Celtic revenue increases to more than £85 million

Frustrations: Peter Lawwell

Celtic may be stuttering in their pursuit of another Premiership title but the club’s off-field performance is impressive with the latest financial report showing increased revenue of more than £85 million.

The interim accounts for the six months up to 31 December show a rise of 11 per cent in turnover from 2022, buoyed by participation in the Champions League where they faced Lazio, Atletico Madrid and Feyenoord.

Profit from trading rose to £32m, with expenditure on players £12.9m, and profit before tax was £30.3m. Celtic, who are now second in the table behind a resurgent Rangers, have £67.3m sitting in the bank.

Despite this, transfer activity in January was minimal, an issue addressed by chairman Peter Lawwell in the club statement confirming the latest finances.

He said: “From a funding perspective, the cash and cash equivalents balance reduced from £72.3m to £67.3m in the period under review.

“The board recognises the inherent inefficiencies of holding excess cash, and, in conjunction with other cash commitments, the importance of investing in strengthening the team to deliver football success. The board shares the frustrations of the supporters regarding the less than anticipated activity in the recent transfer window.

“Since the opening of the transfer window in June 2023, and up to the end of the winter transfer window which closed on 1st February 2024, we have committed £23.9m in player investment. Within this we renewed and extended the contracts of Cameron Carter-Vickers, Liel Abada, Matt O’Riley, Anthony Ralston and Reo Hatate.

“The board’s commitment is to strengthen and improve the playing squad in every transfer window and although resources were available, we were unable to further add to the squad due to the unavailability of identified targets. This was disappointing to us all, and never the intention.”

He added: “The results for the six months ended 31 December 2023 show revenues of £85.2m (2022: £76.5m) and a profit from trading, representing the profit excluding other income and player-related gains and charges, amounting to £32.0m (2022: profit of £28.1m). The profit before finance income & expense and taxation amounted to £28.5m (2022: £33.8m).
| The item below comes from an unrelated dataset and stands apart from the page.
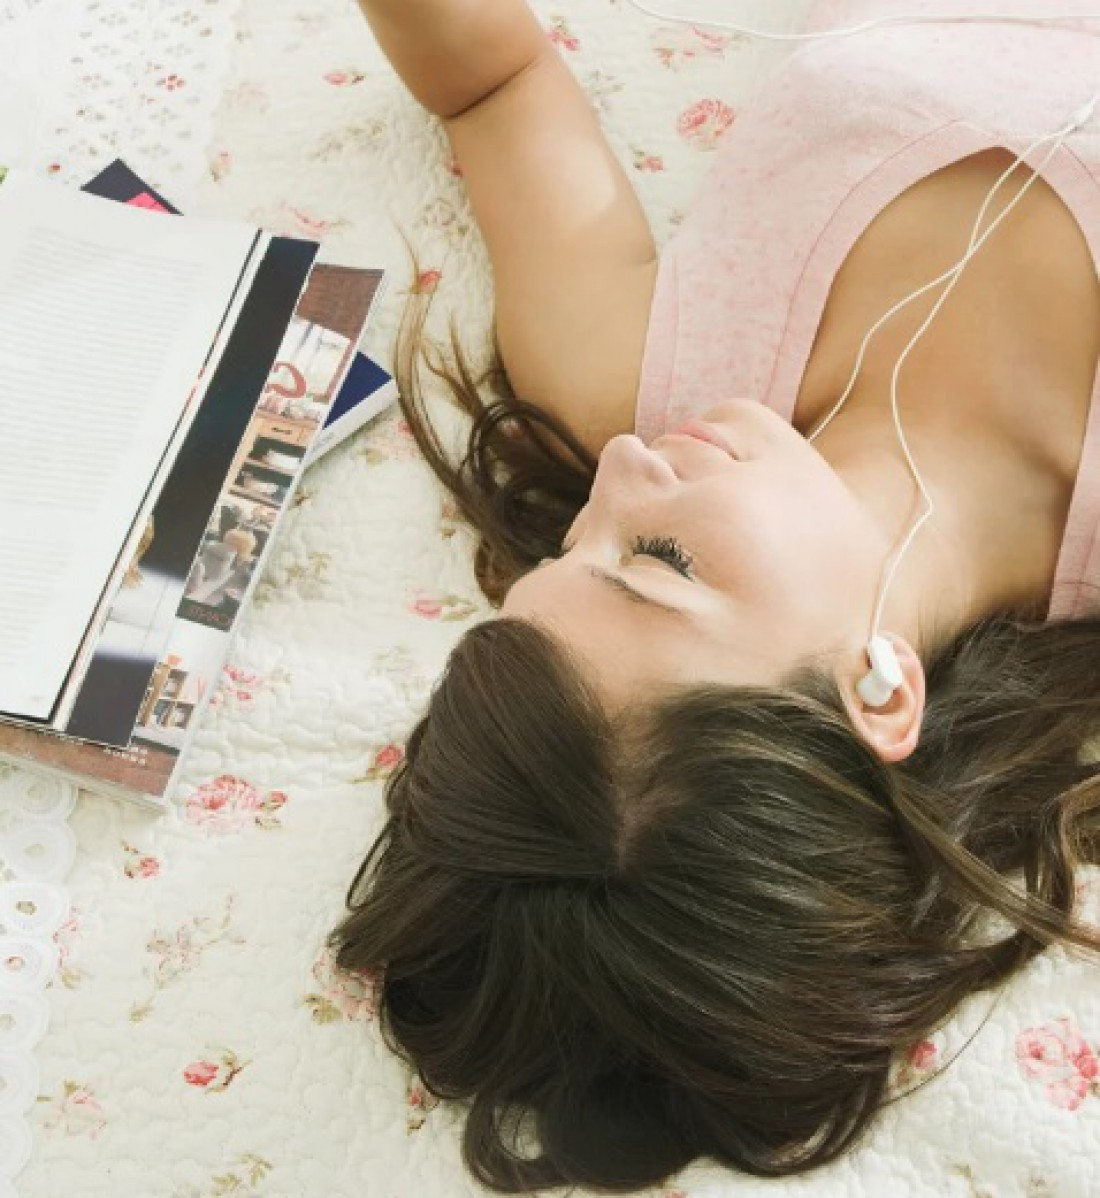 Музыка выходного дня: плейлист
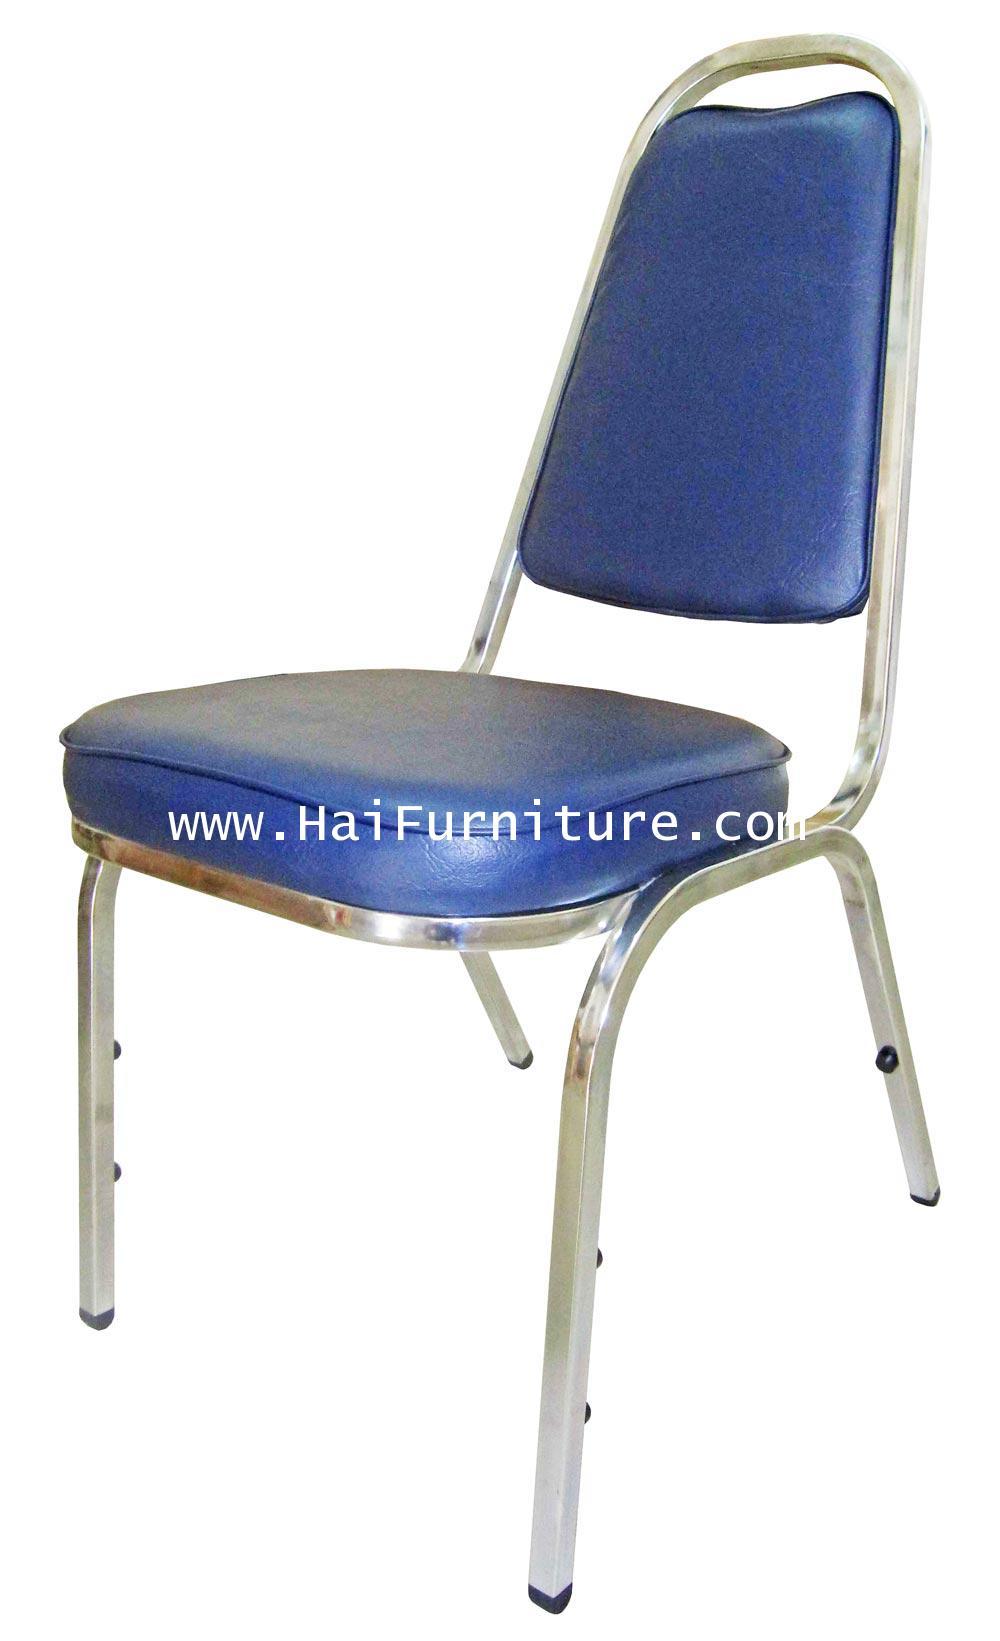 เก้าอี้จัดเลี้ยง มาตรฐาน เหล็กชุบโครเมี่ยม

“We benefited from Champions League qualification in both 2022 and 2023 and increased underlying revenue by £8.7m to £85.2m in the first half of 2023 relative to the same period last year. The key factors in this were higher UEFA distributions this year alongside a general incremental upturn in trading across almost all revenue streams. A significant portion of this revenue increase was re-invested into football wages and salaries resulting in the profit from trading of £32.0m noted above.

“Profit before finance income & expense and taxation fell to £28.5m, down from £33.8m in the prior year, despite the significant revenue increase. This is attributable to the increase in the football-related investment alongside the absence of a significant non-recurring insurance receipt recognised in the prior period.”